Begin at the line below that holds "Betty with a llama" and end at the line that holds "Perceeloppervlakte Plantijndomein 8", transcribing each line exactly and skipping any picture.

*** Opening Stored data ***

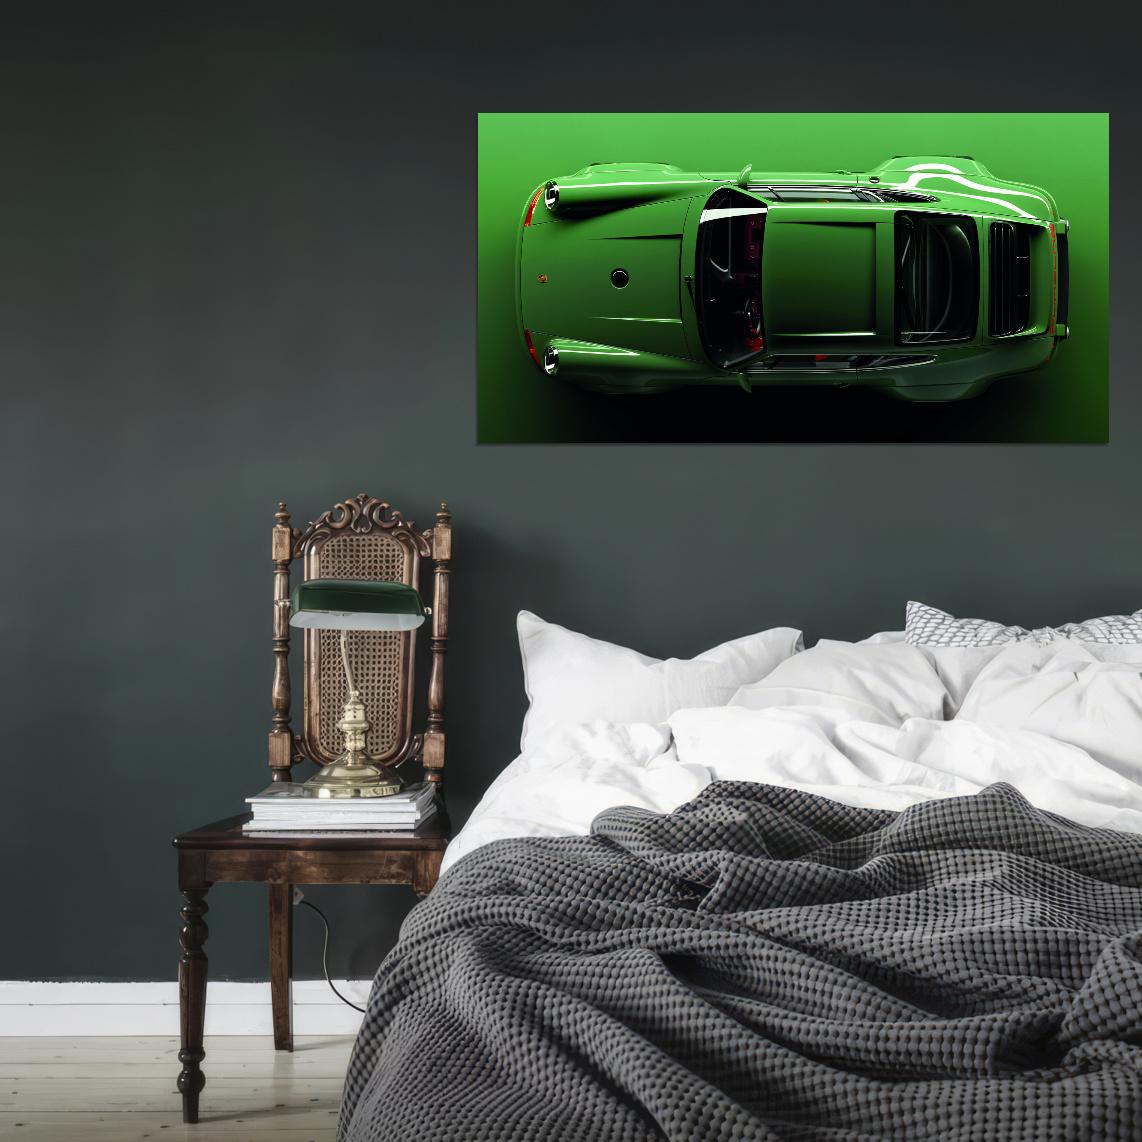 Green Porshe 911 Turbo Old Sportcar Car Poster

*** Closing Stored data ***
*** Opening Stored data ***

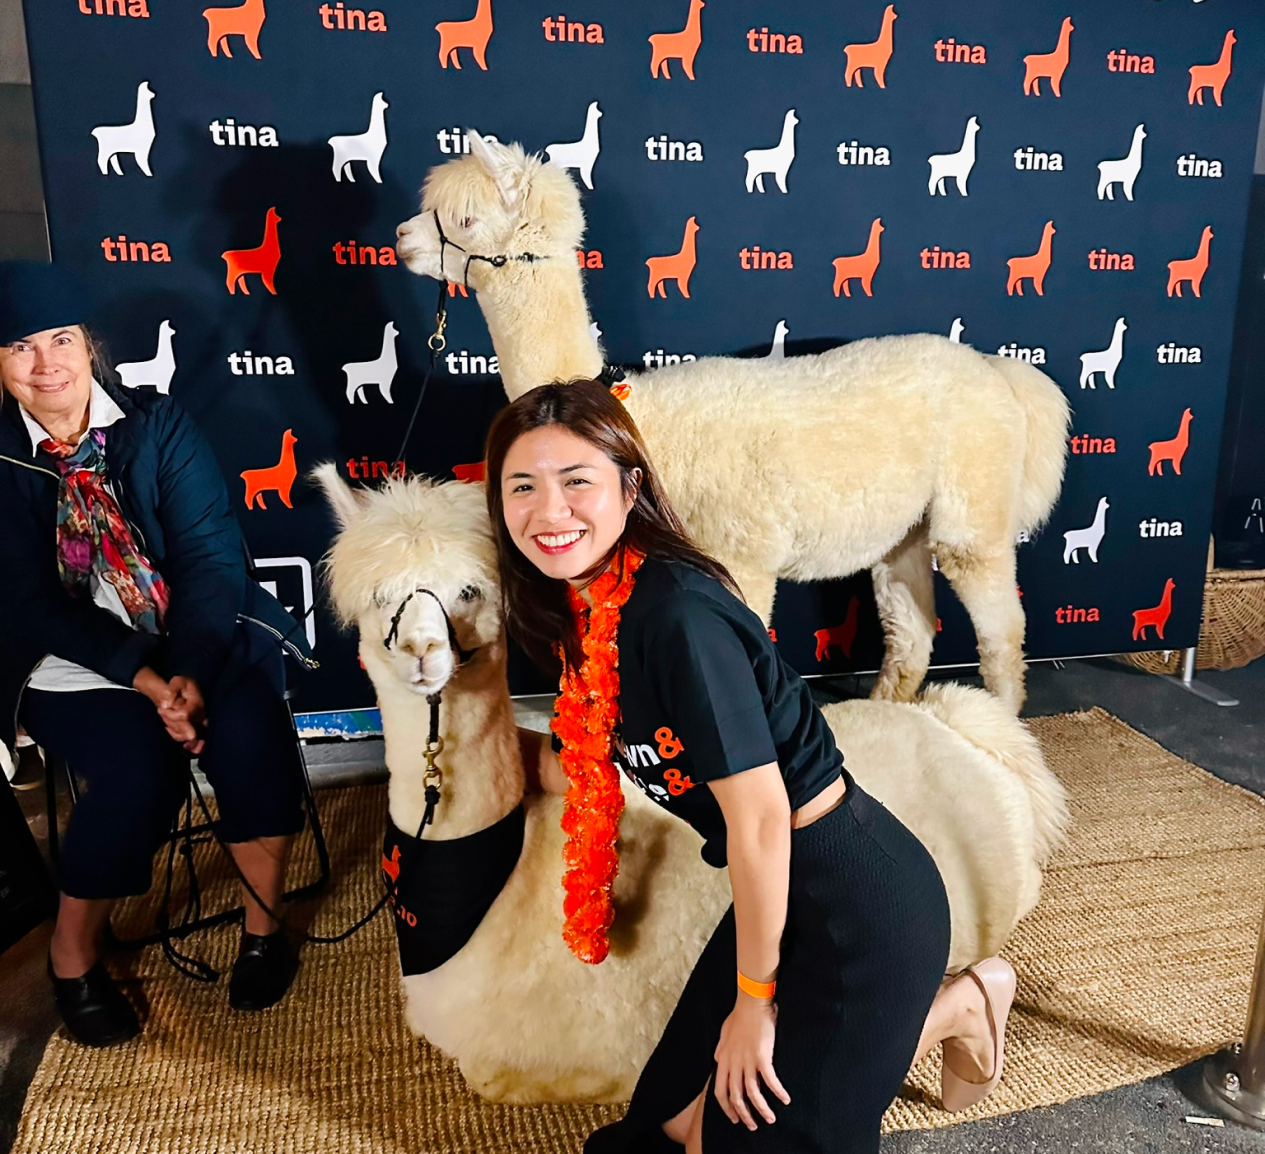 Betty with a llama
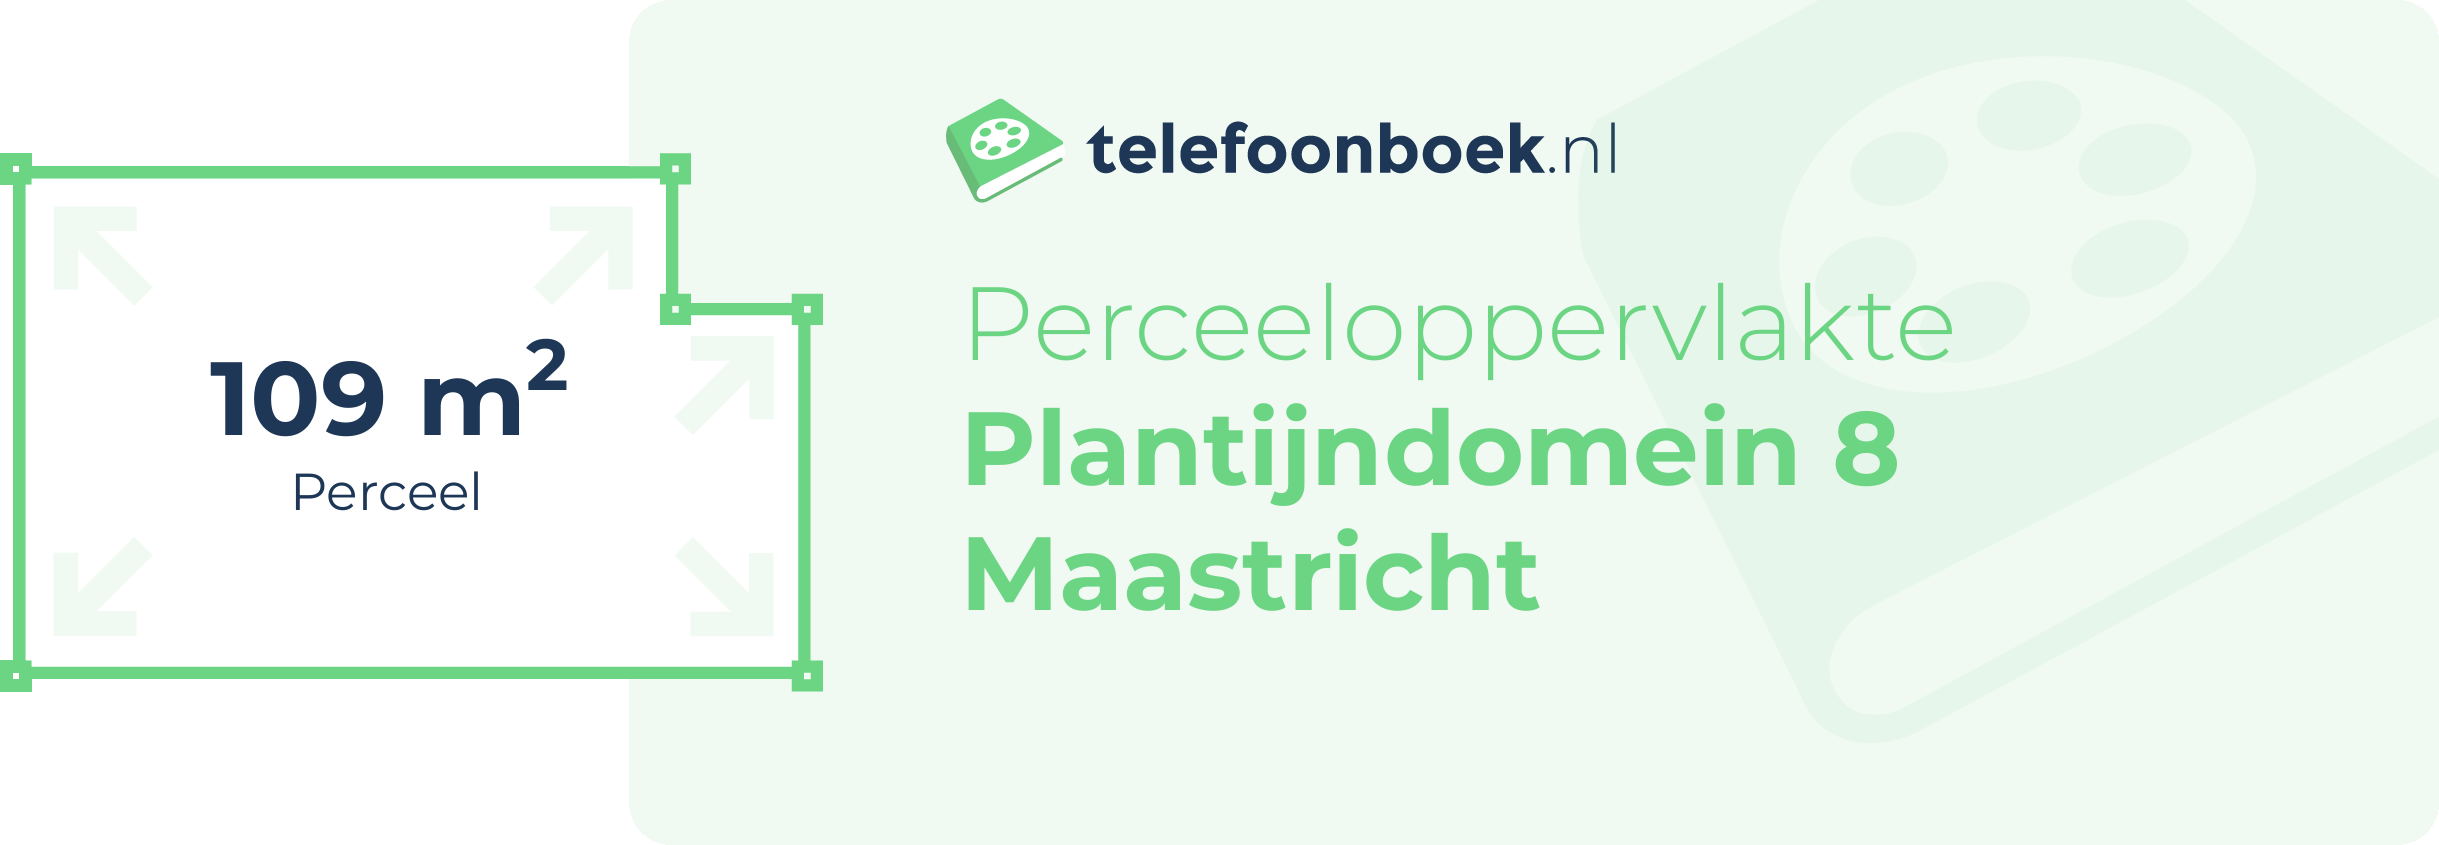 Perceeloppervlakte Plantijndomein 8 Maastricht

*** Closing Stored data ***
*** Opening Stored data ***

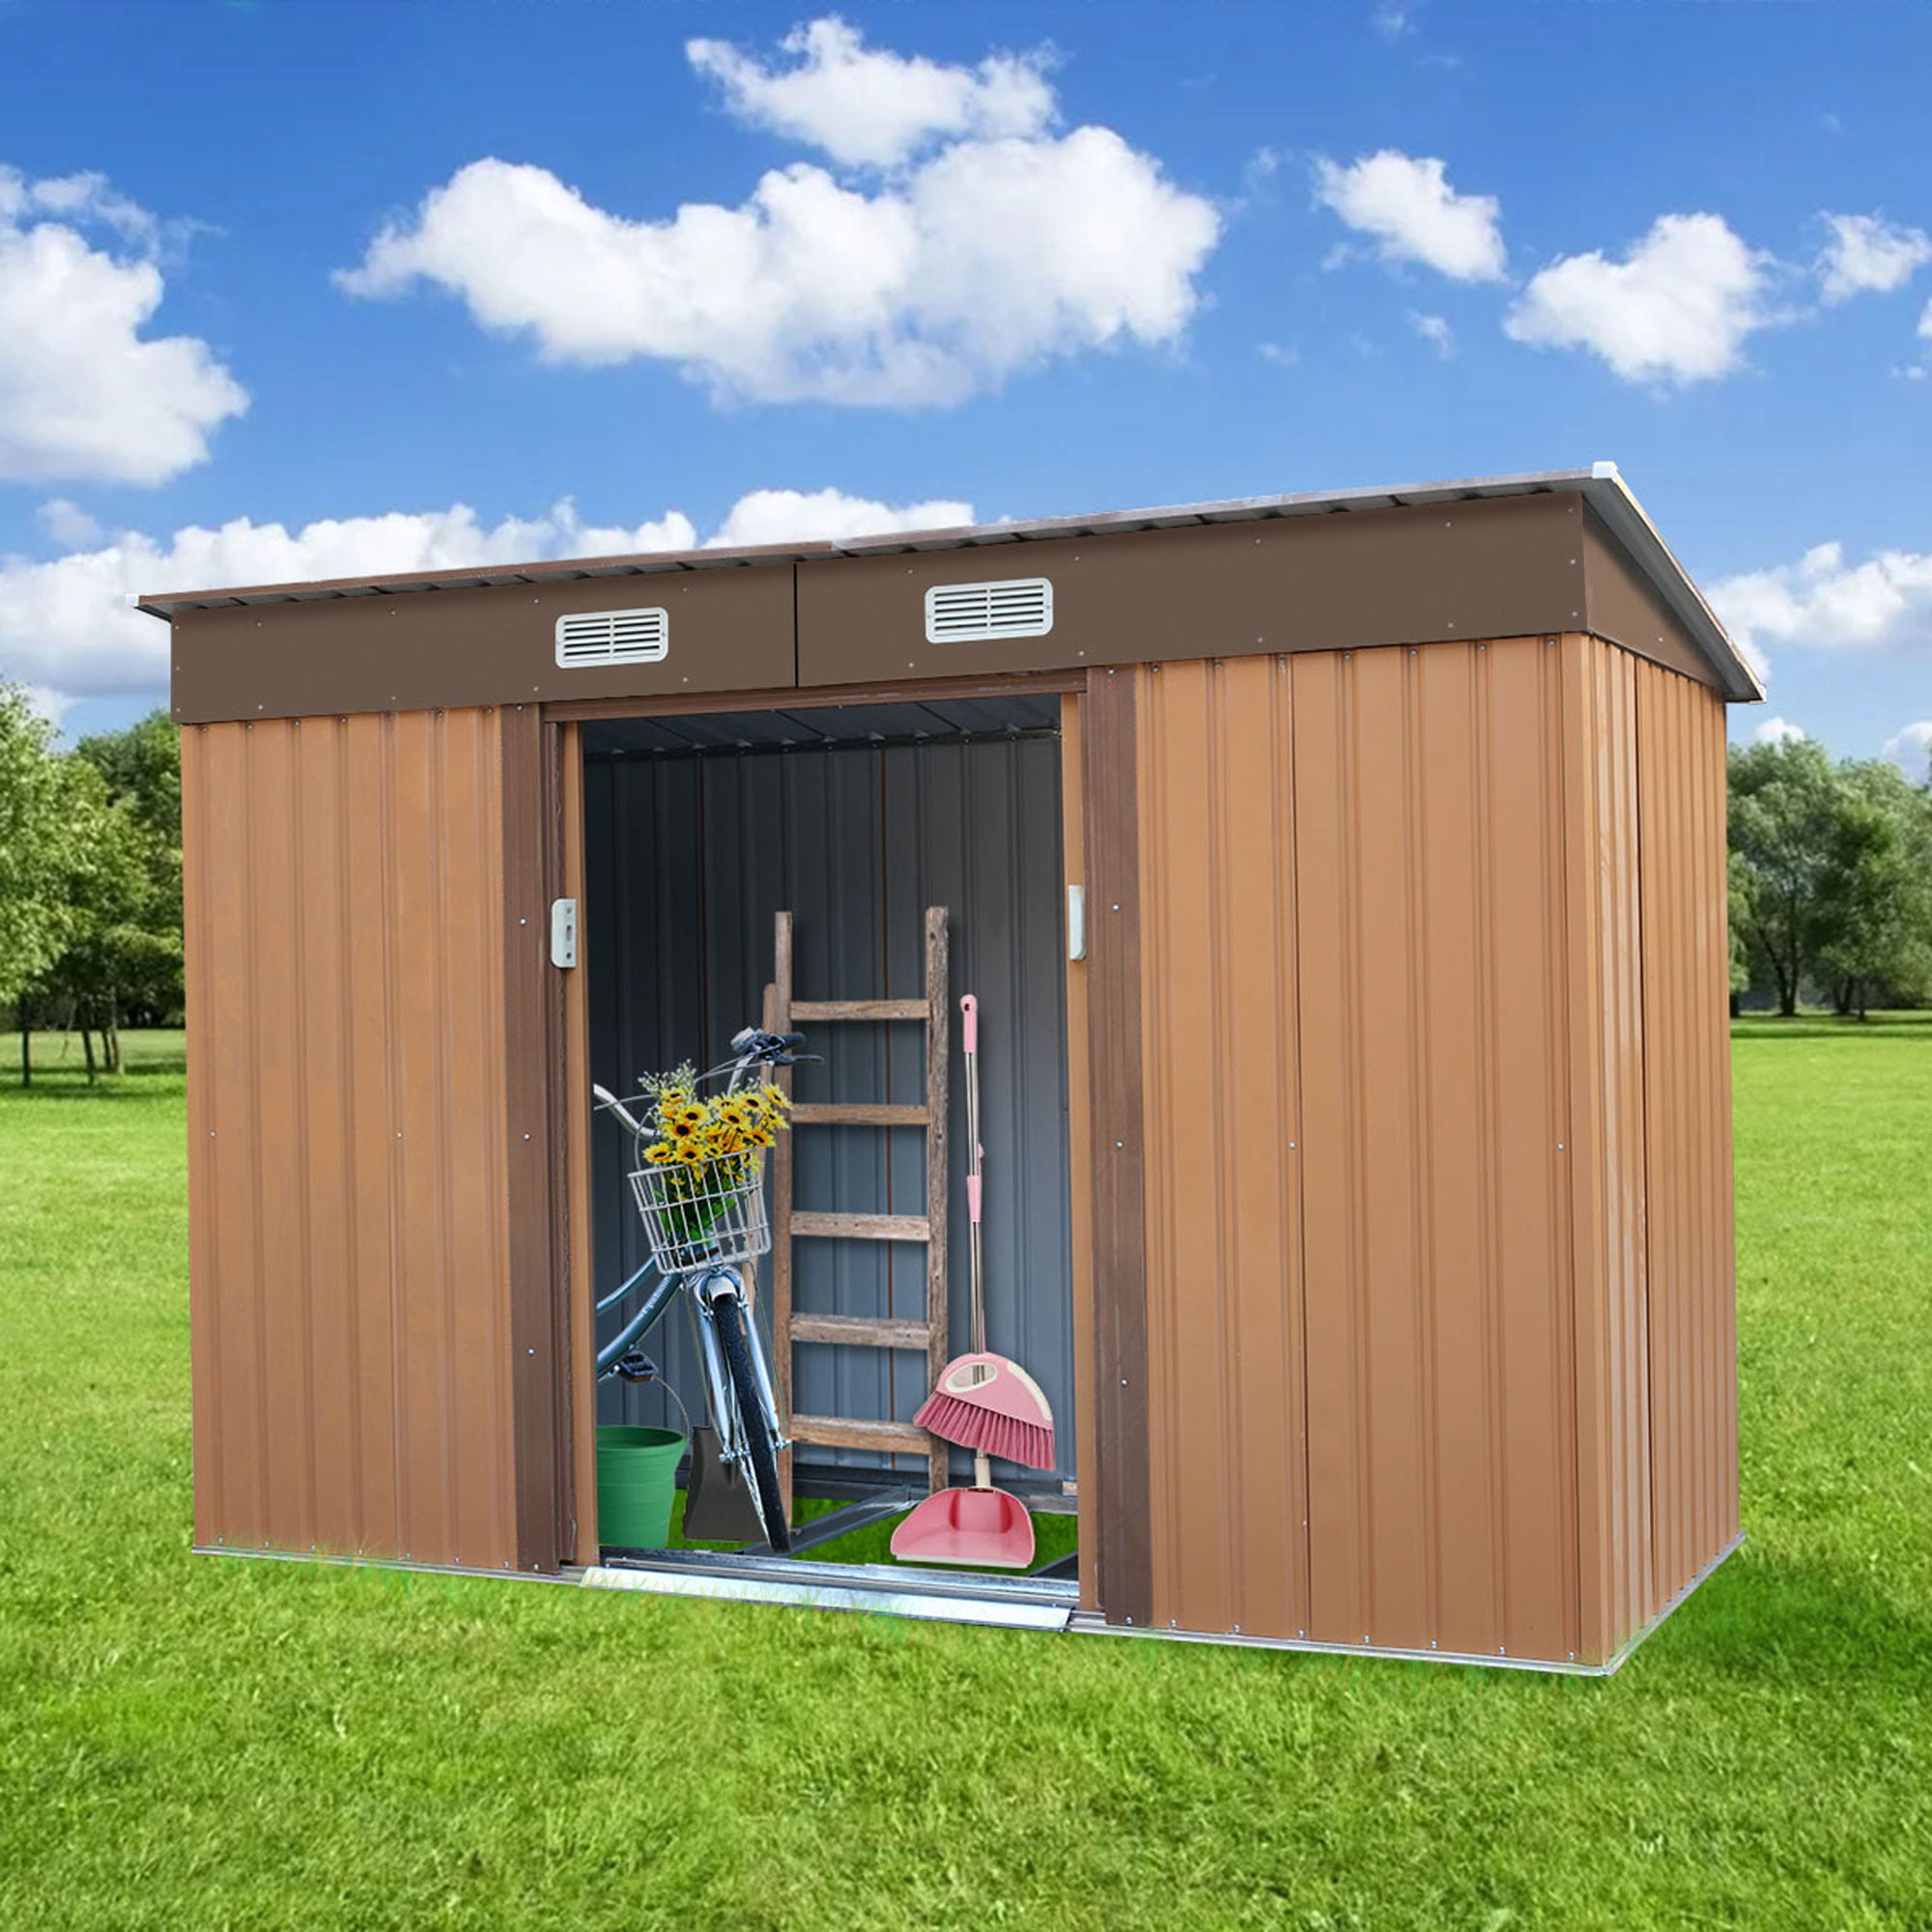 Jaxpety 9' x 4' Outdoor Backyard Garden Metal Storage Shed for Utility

*** Closing Stored data ***

_Answer box_:
 Betty with a llama
 Perceeloppervlakte Plantijndomein 8 Maastricht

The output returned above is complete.